- Born: Anna King Shetland, Scotland, UK
- Education: Duncan of Jordanstone College of Art and Design
- Known for: Painting
- Movement: landscape art
- Awards: Jolomo Award

= Anna King (artist) =

Scottish artist

Blinkbonnie Quarry - one of Anna King's first prize pictures for the Jolomo Award 2007

Anna King, is a Scottish landscape artist "who seeks out forgotten spaces and derelict buildings."

She was born in Shetland, spent most of her life in the Scottish Borders, and lives in the village of Greenlaw, near Kelso.

She first came to attention of the general public at her degree show at Dundee's Duncan of Jordanstone College of Art and Design in 2005.

==Awards==

In 2017, she won the top prize of £20,000 in the annual Jolomo Award, established by John Lowrie Morrison and awarded to Scottish Landscape Artists.

She also received the Royal Scottish Academy Landscape Award from the RSA Student Exhibition and also received the Ian Eadie Award from the Duncan of Jordanstone College of Art and Design

==Exhibitions==

She has had solo exhibitions at:

- Open Eye Gallery in Edinburgh
- Beaux Art Gallery Bath
- 108 Fine Art, Harrogate

She has also exhibited at many other art galleries including the Glasgow Art Fair and the Gallery Heinzel.

==TV==

She featured on the BBC Coast Series, when Alice Roberts visited her during one of her residencies at the Watchie and explored what drew Joan Eardley to Catterline. Also she is the featured artist in a recent Blackberry Ad which shows William Ramsay, founder of the Affordable Art Fair, visiting the artist and then using his BlackBerry Torch to share her paintings with his colleagues. She also featured in a BBC program "Making Art Work: First Idea to Final Piece"

==Art==

She normally works in oil and pencil, on paper and board.

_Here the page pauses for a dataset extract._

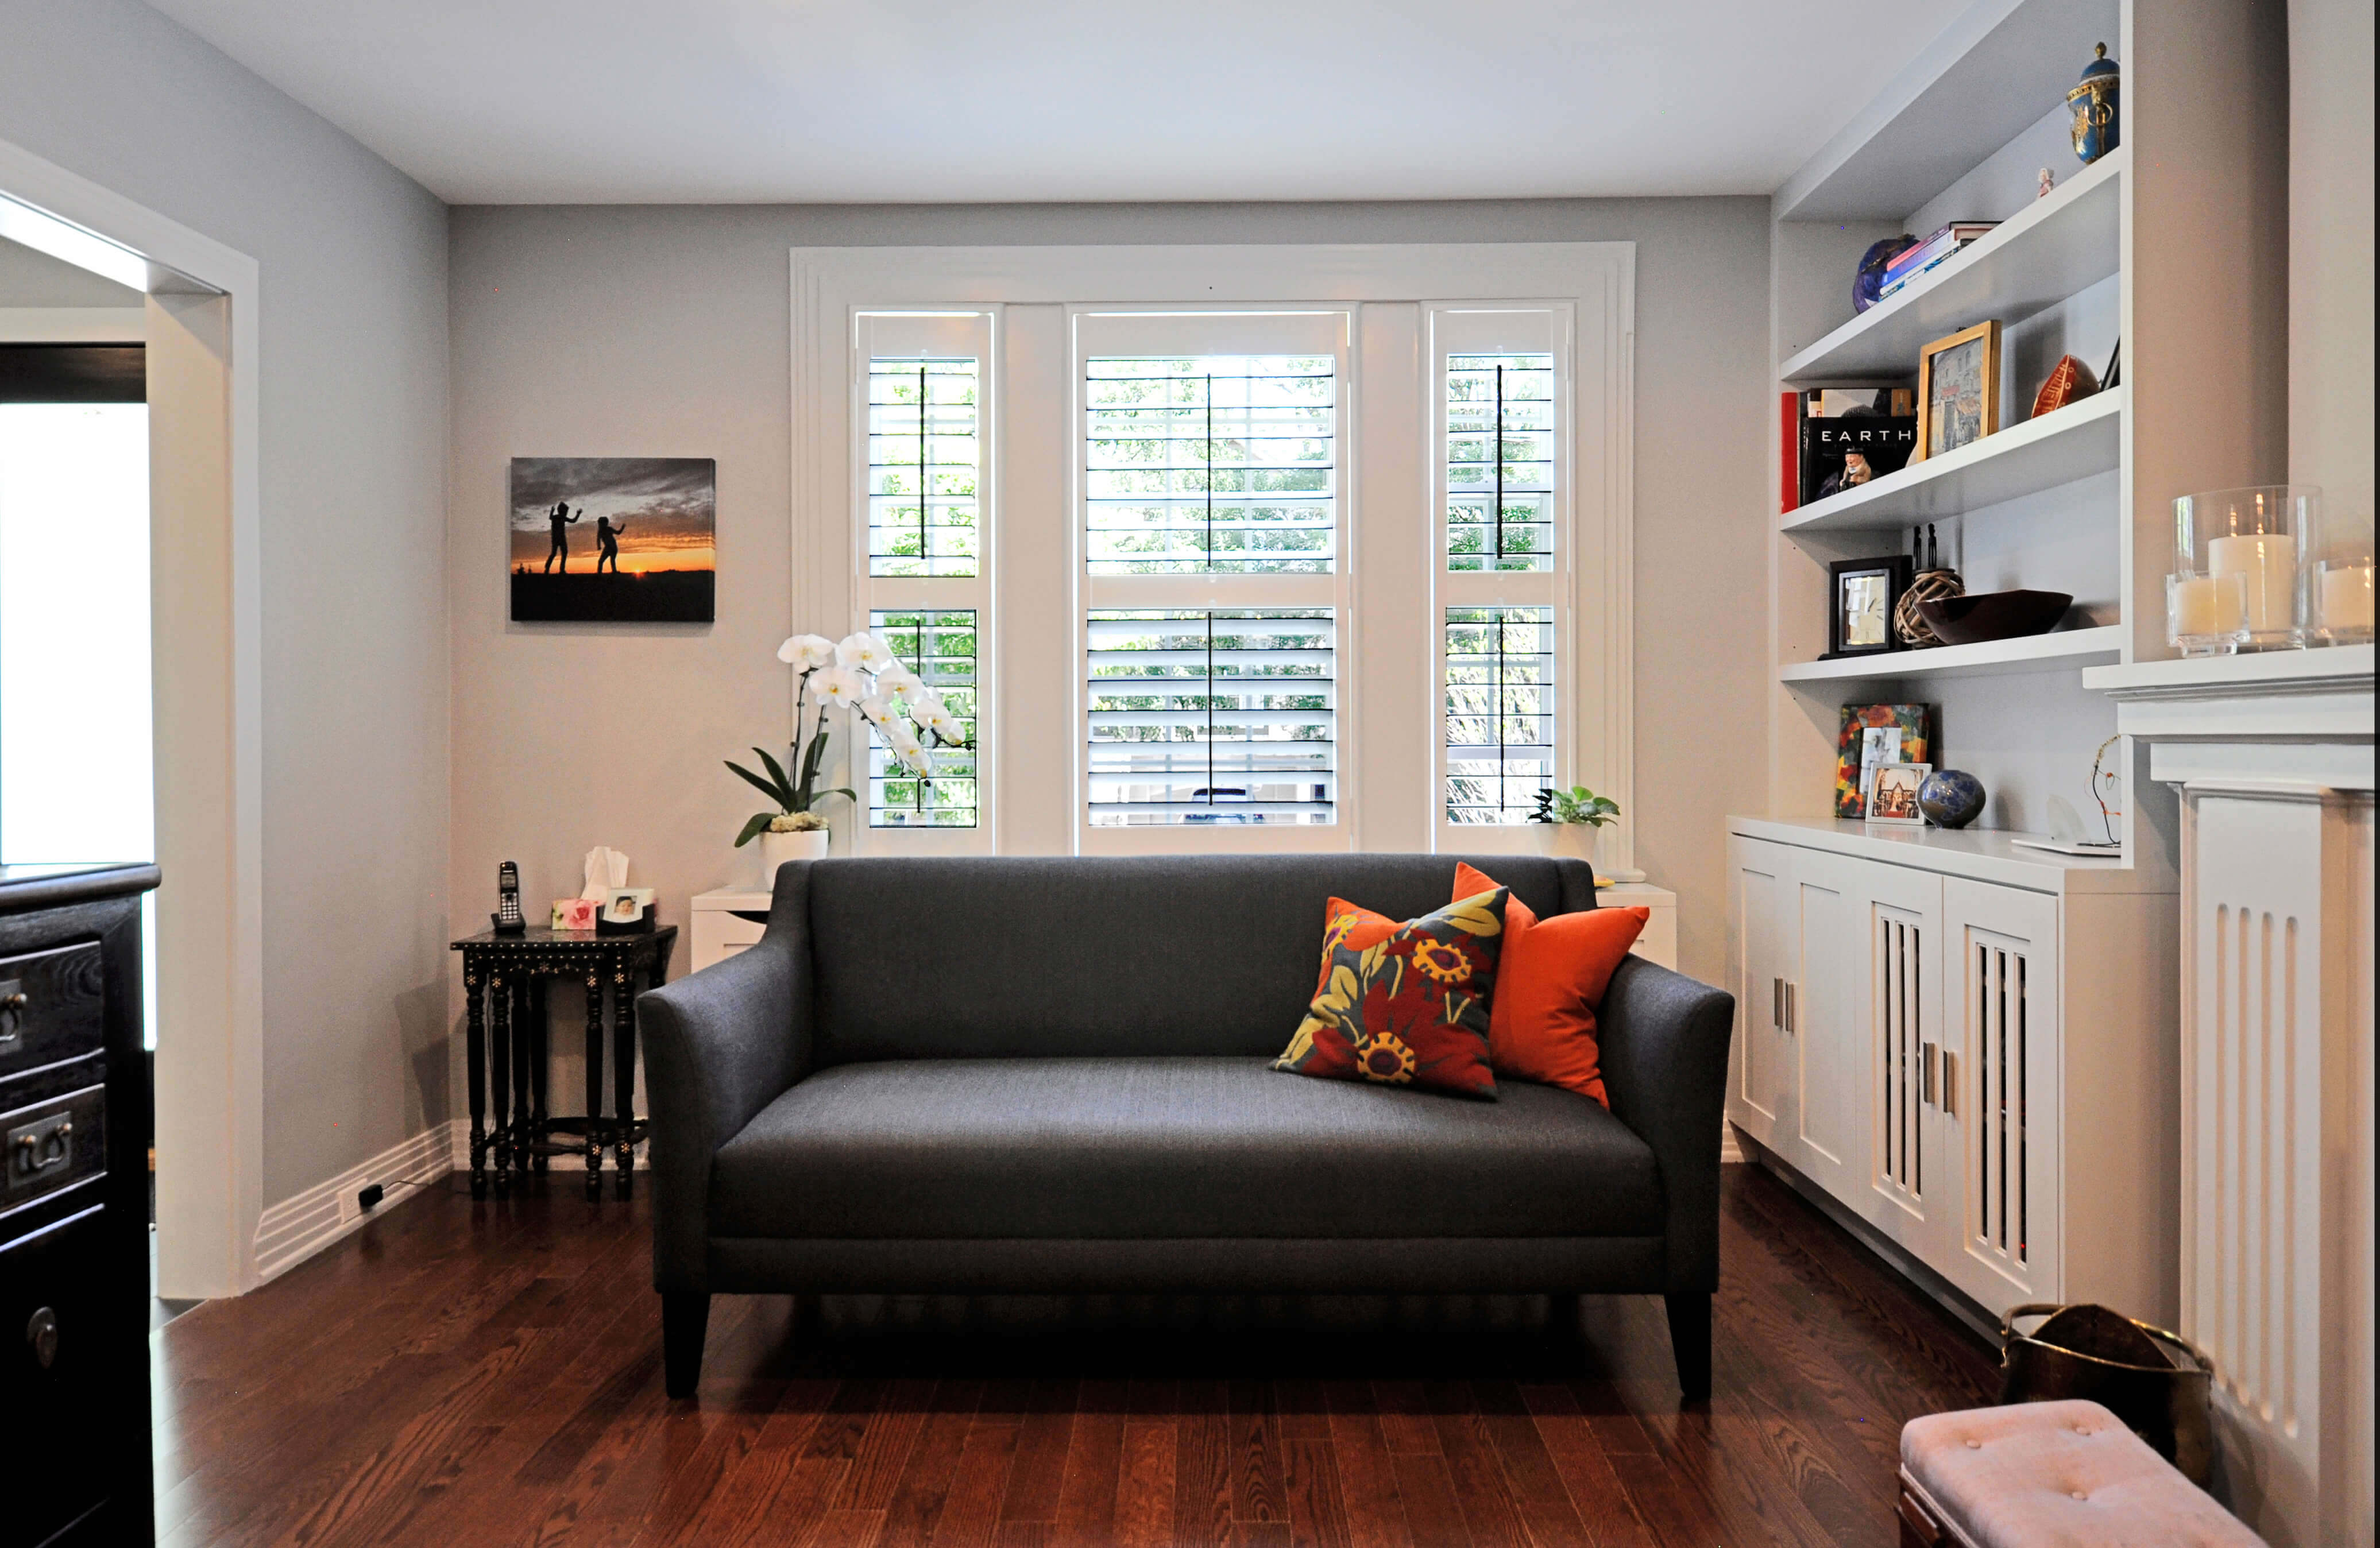 Living room. Grey couch with red accent pillows under a window. The window has white California shutters. Wood floors. Built in white floor to ceiling shelves.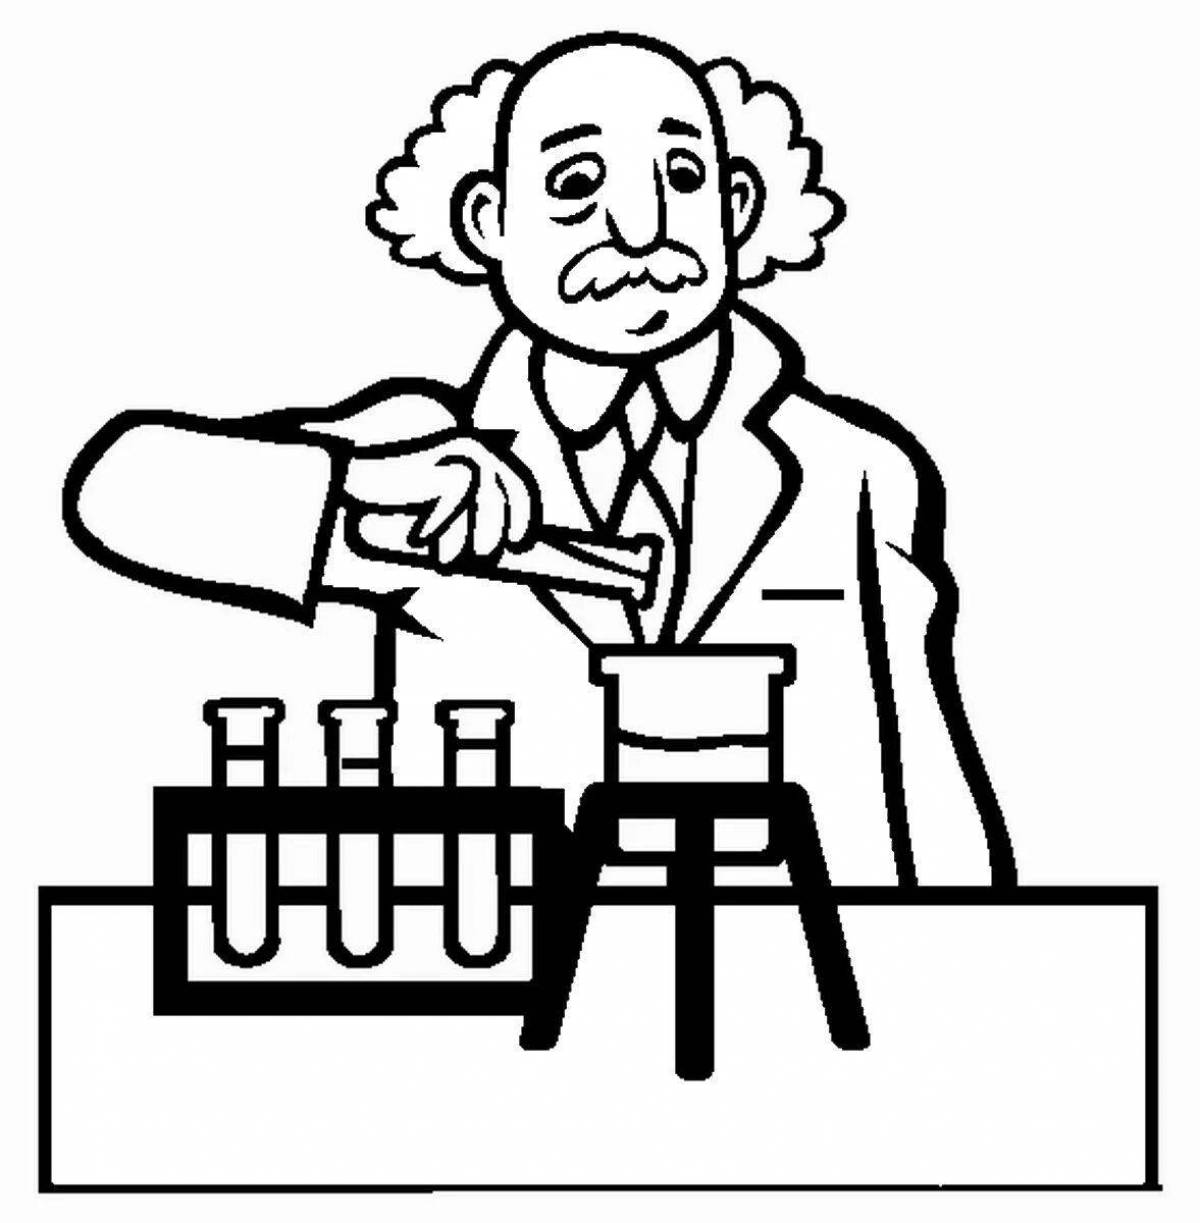 Fun scientist coloring pages for kids

"This gifted young artist has spent the past two winters working at Joan Eardley's clifftop studio at Catterline. The results are very different from Eardley's wild, densely painted seascapes: cooler, more cerebral, with an almost icy range of colours. Yet something of Eardley's response to nature as an untameable force is echoed in King's bleakly attractive images of post-industrial landscapes: empty feral places where nature is slowly reclaiming the land."